Exercise data:
□ □ □ □ □ □ □

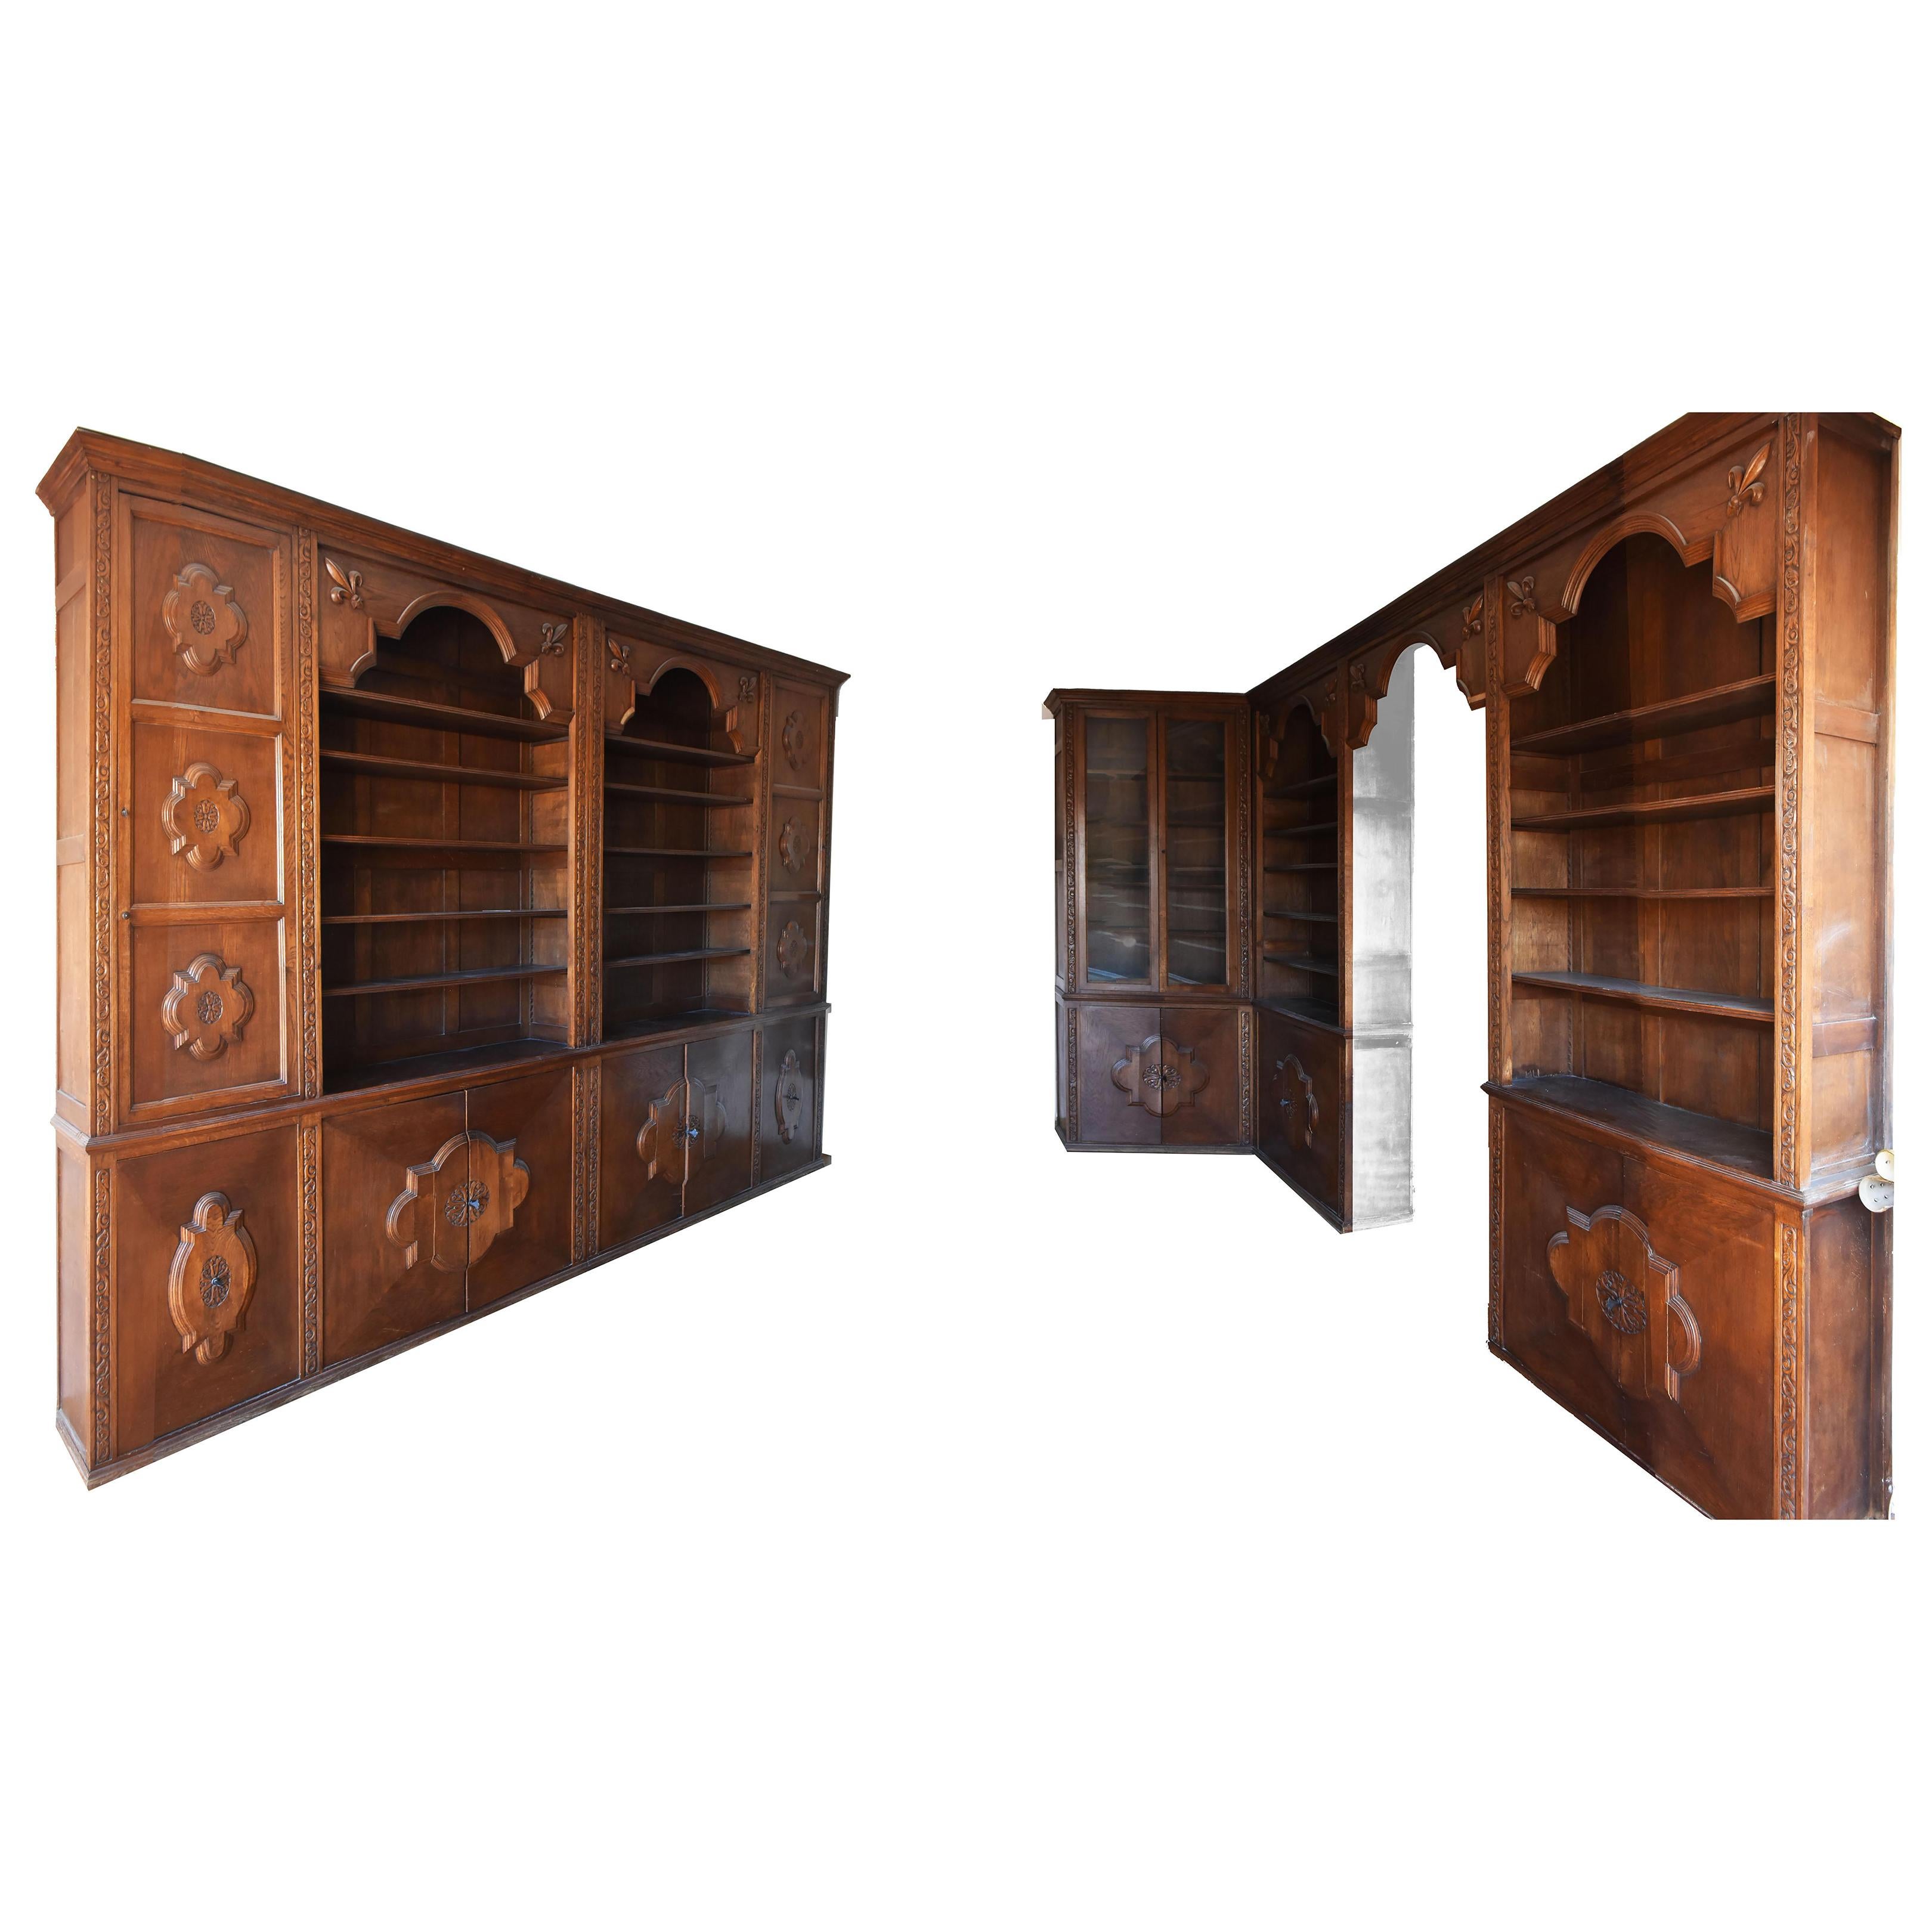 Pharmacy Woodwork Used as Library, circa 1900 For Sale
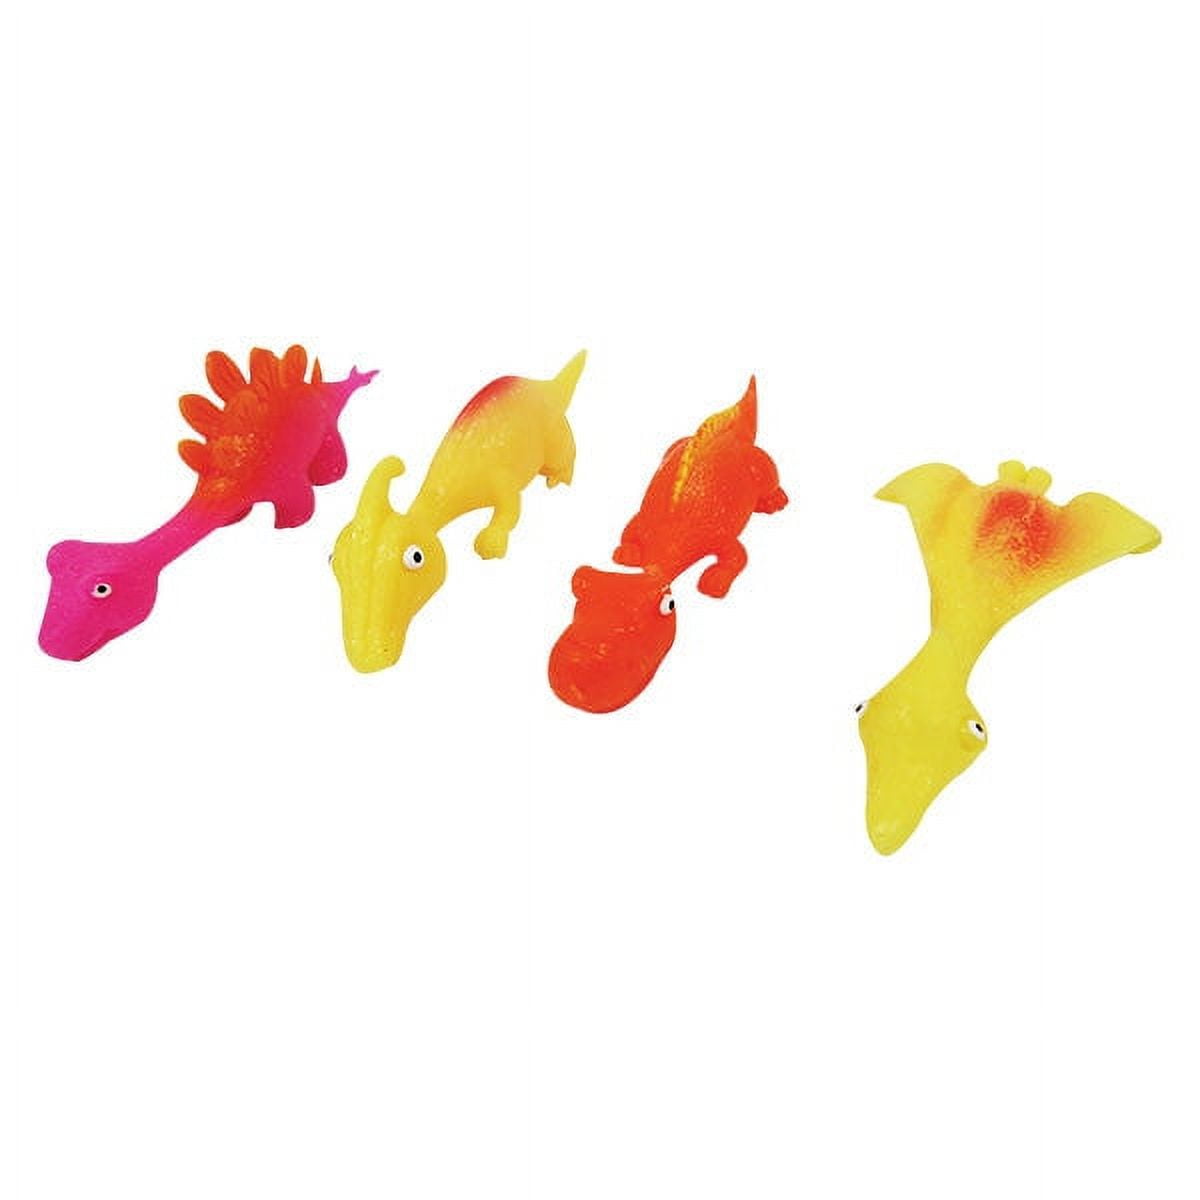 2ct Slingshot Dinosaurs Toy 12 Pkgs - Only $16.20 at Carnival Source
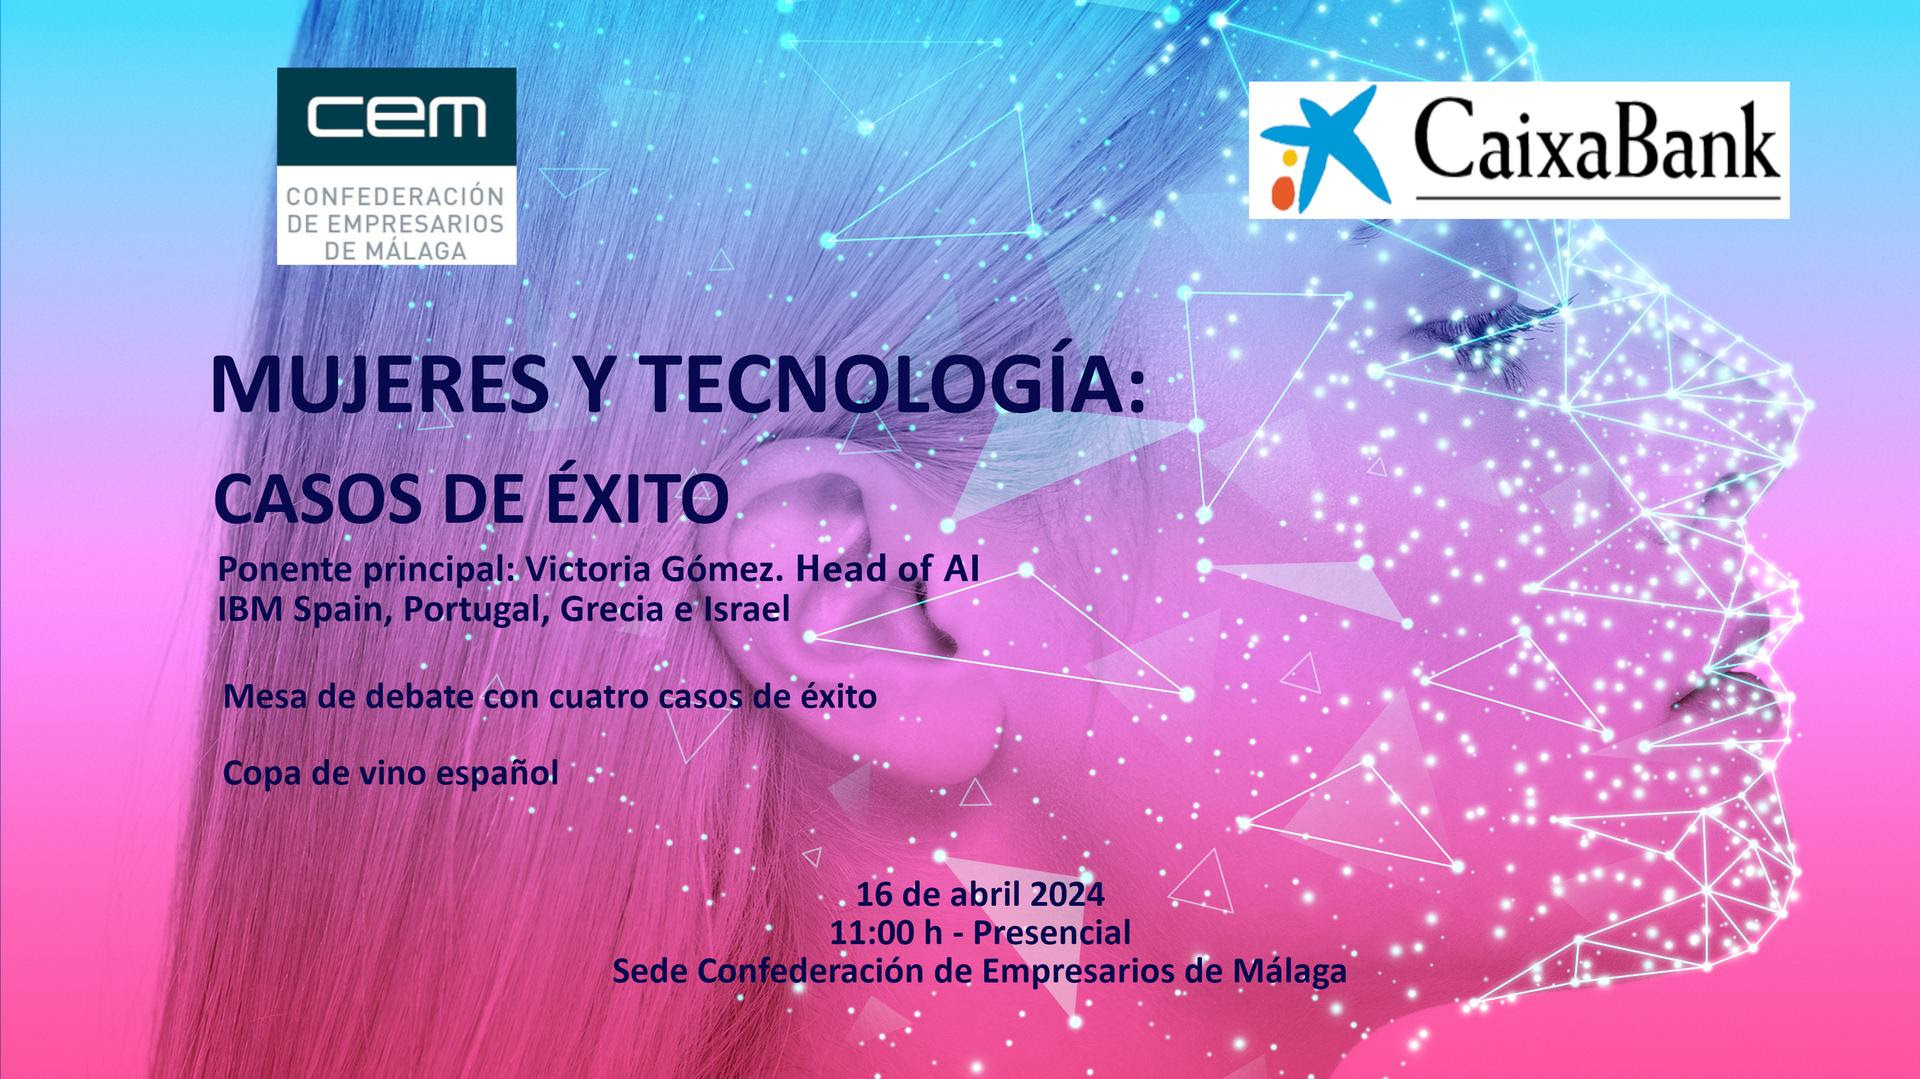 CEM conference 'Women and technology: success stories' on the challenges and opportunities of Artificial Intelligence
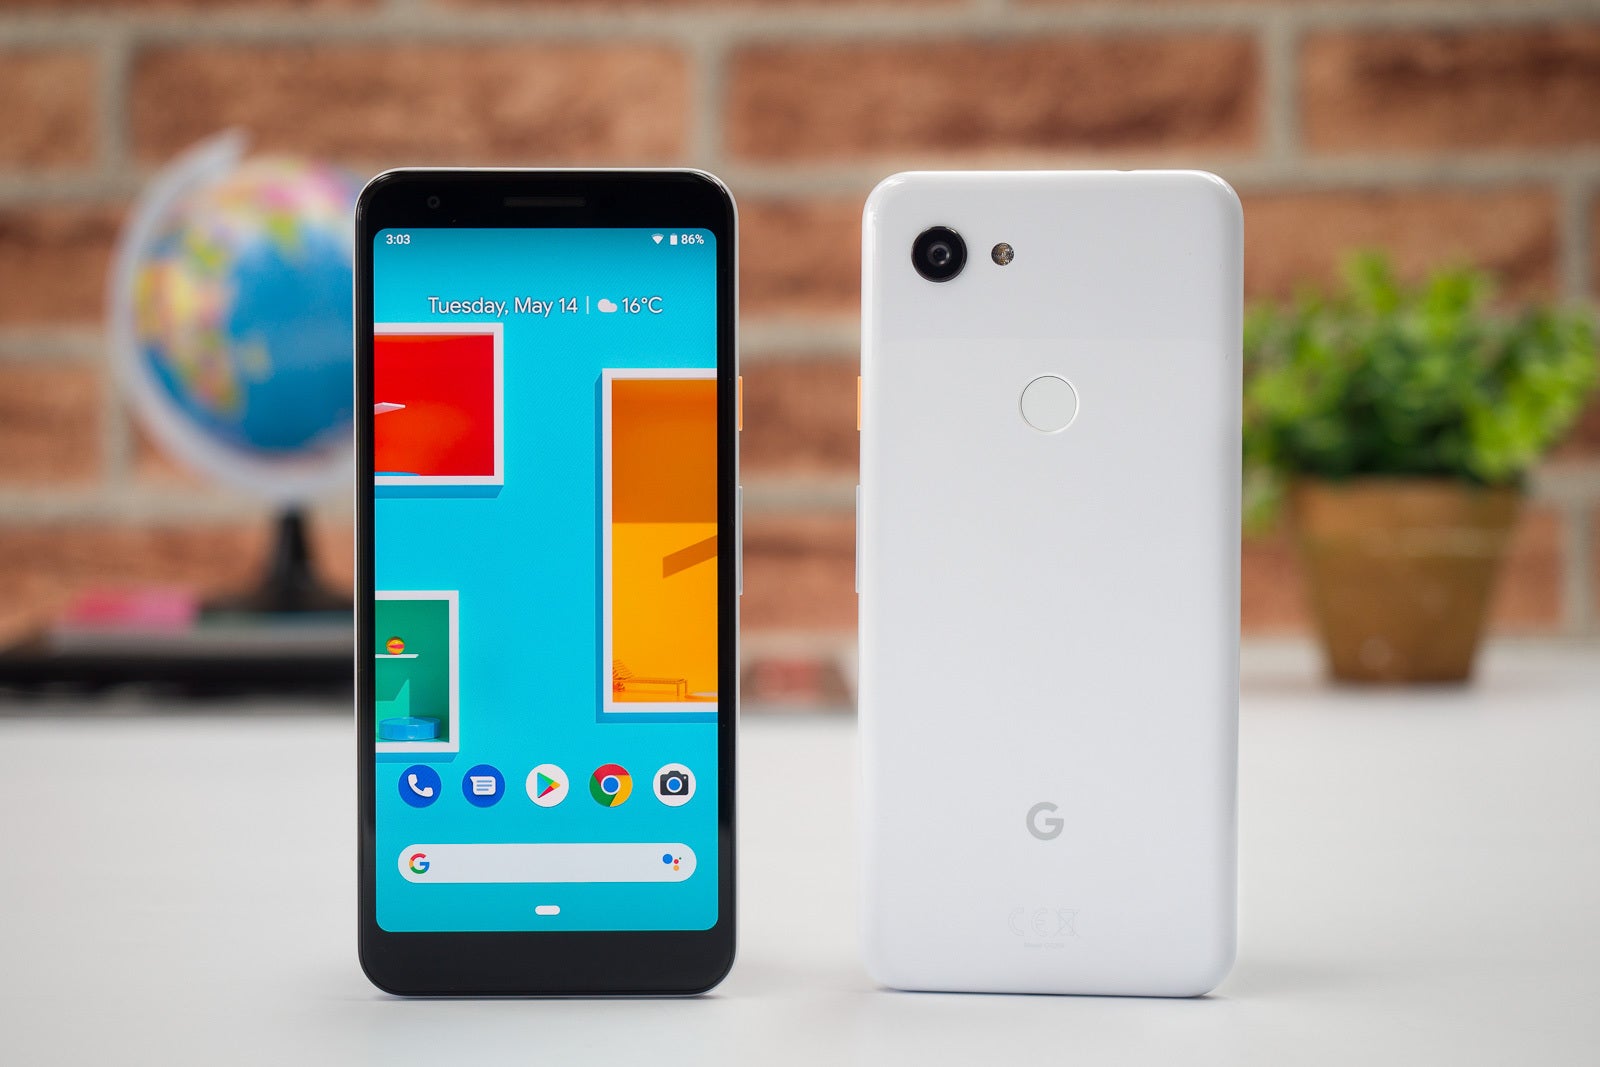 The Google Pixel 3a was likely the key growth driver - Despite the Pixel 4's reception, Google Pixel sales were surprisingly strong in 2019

□ □ □ □ □ □ □

Required action: Please return only the lines from the top of the data through the line with "CEM conference 'Women", exactly as written, and drop every picture.

Task result:
 Pharmacy Woodwork Used as Library, circa 1900 For Sale
 2ct Slingshot Dinosaurs Toy 12 Pkgs - Only $16.20 at Carnival Source
 CEM conference 'Women and technology: success stories' on the challenges and opportunities of Artificial Intelligence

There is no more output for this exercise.